Certain elements of Hayek’s work are prominent precursors to the modern field of complex adaptive systems, including his ideas on spontaneous order, his focus on market processes, his contrast between designing and gardening, and his own framing of complex systems. Conceptually, he was well ahead of his time, prescient in his formulation of novel ways to think about economies and societies. Technically, the fact that he did not mathematically formalize most of the notions he developed makes his insights hard to incorporate unambiguously into models. However, because so much of his work is divorced from the simplistic models proffered by early mathematical economics, it stands as fertile ground for complex systems researchers today. I suggest that Austrian economists can create a progressive research program by building models of these Hayekian ideas, and thereby gain traction within the economics profession. Instead of mathematical models the suite of techniques and tools known as agent-based computing seems particularly well-suited to addressing traditional Austrian topics like money, business cycles, coordination, market processes, and so on, while staying faithful to the methodological individualism and bottom-up perspective that underpin the entire school of thought.
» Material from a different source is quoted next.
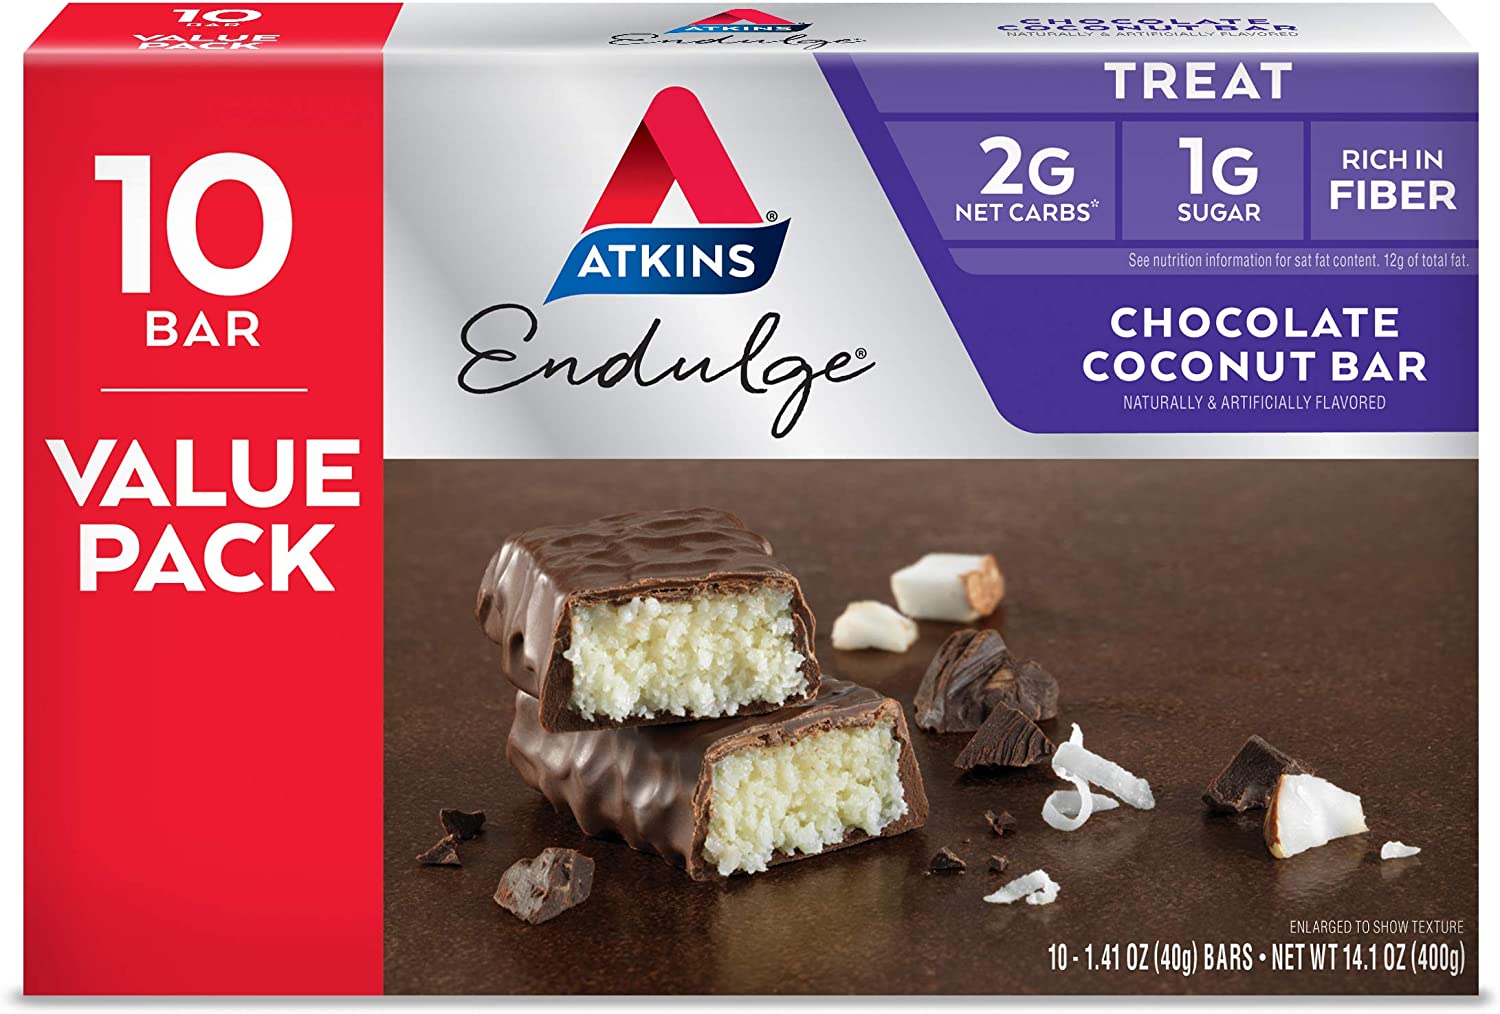 Atkins Endulge Treat Chocolate Coconut Bar Value Pack (10 Bars) $8.75

I am grateful to Professors Alan Kirman and Nick Vriend for conversations in the Spring of 2014 on the topic of this essay, in Aix en Provence and London. For comments at the symposium I thank Nigel Ashford, Pete Boettke, Bruce Caldwell, Alexander Gill, Abigail Hall, Roberta Herzberg, Mike Munger, Mario Rizzo, Hilton Root, Scott Scheall, Danny Shahar, Solomon Stein, Viktor Vanberg, Karen Vaughn, Wolf von Laer, and Larry White. Errors of both omission and commission are my own.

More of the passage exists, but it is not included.